Regular readers will recall that I've been grinder hunting. I bought a gaggia classic on the sale forum, and have been pairing it with a rhino. But I'm lazy, and with everyone in the family enjoying coffee (including a 5 year old who loves a cappuccino!), I needed a grinder.

I'm also tight, so wanted the best bang for a cheap buck. After lots if research, I've gone for a graef cm80.









First impressions weren't great. Even on the finest setting I was getting a course grind that flew out of the portafilter in about 10s.

More reading.... And I added a very thin piece of card under the lower burr. This shifts it up just a little, adding to the 3 spacers that came prefitted. With a little dialling-in, I'm now grinding at setting 7/8.

I've just pulled an 18/31g shot in 25s, loads of lovely crema and a cracking texture and taste.

So far I'm very happy.









Before adding the spacer, I ground a load to take to work for my aeropress. That was obviously handled quickly and easily, giving a very even grind and a good aeropress.

The grinder is doserless, static isn't too bad, and it retains a few grams. A thump on the side helps that tho.


----------



## MrShades (Jul 29, 2009)

I've just bought a Graef CM95 courtesy of eBay - so will see how it goes with the Classic.

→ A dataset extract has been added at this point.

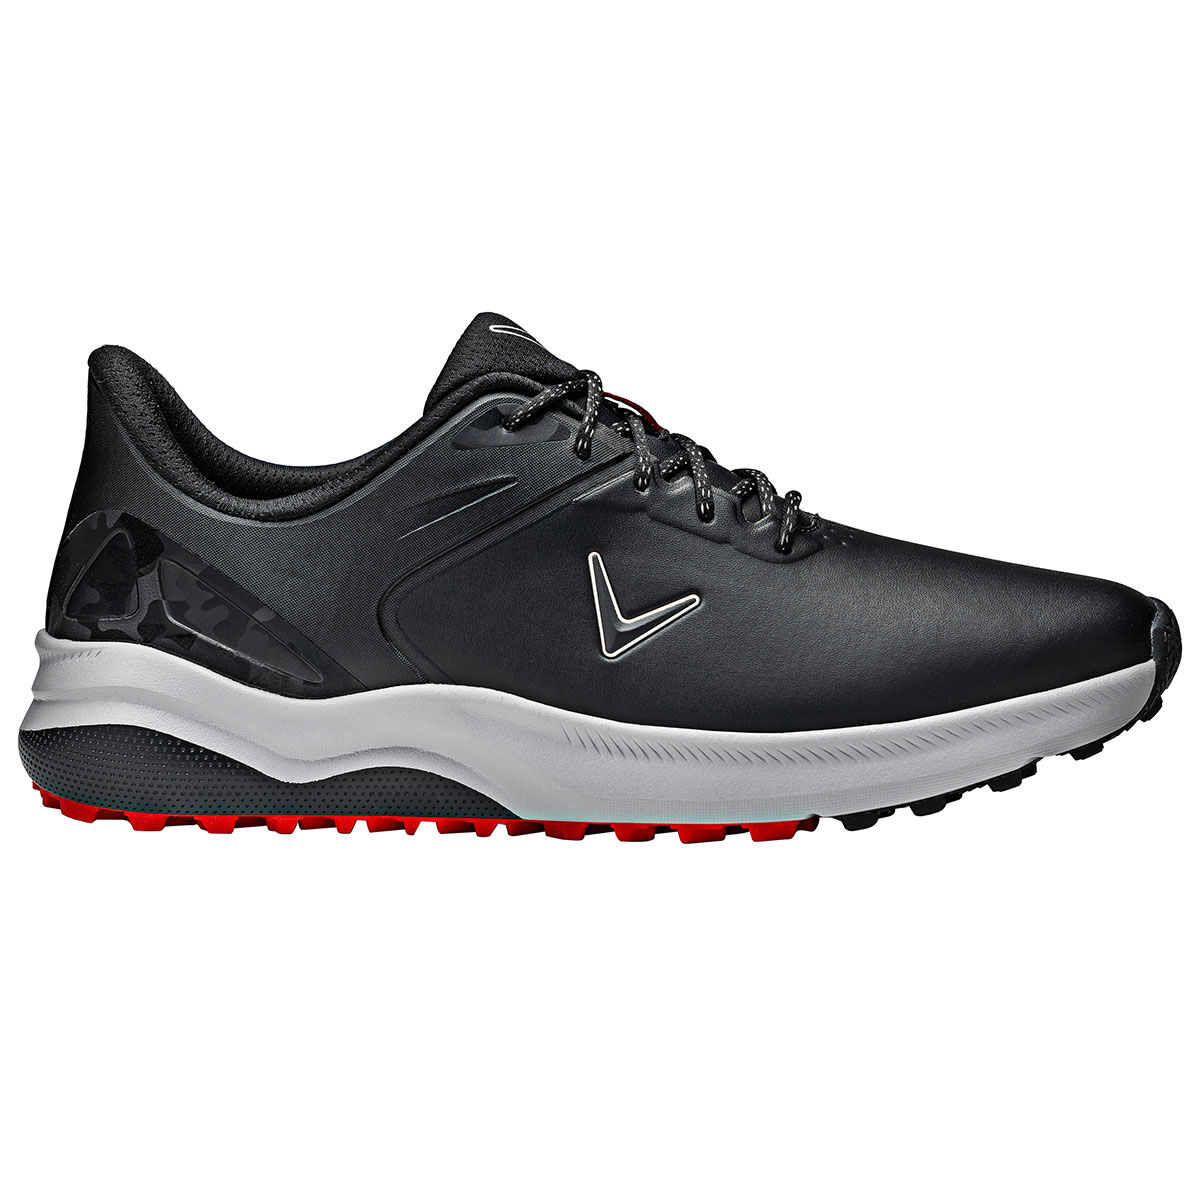 Callaway Golf Mens Black Waterproof Lazer Spikeless Golf Shoes, Size: 9 | American Golf von Callaway Golf

Will be interesting to see how the on-demand timed dosing works on it, and how accurate or not it is.

I also expect to need to shim it a bit before I can get a good espresso grind anywhere near the midrange... but we will see. Was ideally looking for a new CM900/950 but they seem too new and no one has any - but they have the adjustable burr carrier.

The newer versions also appear to have 40 steps to the grind adjustment rather than 25 on these - but having looked at them it appears that it's simply adjustable over a wider range rather than being higher resolution steps. A bit of tape here and there will easily make it stepless anyway - so not worried about the steps at all.

Will post pics somewhere when it arrives.


----------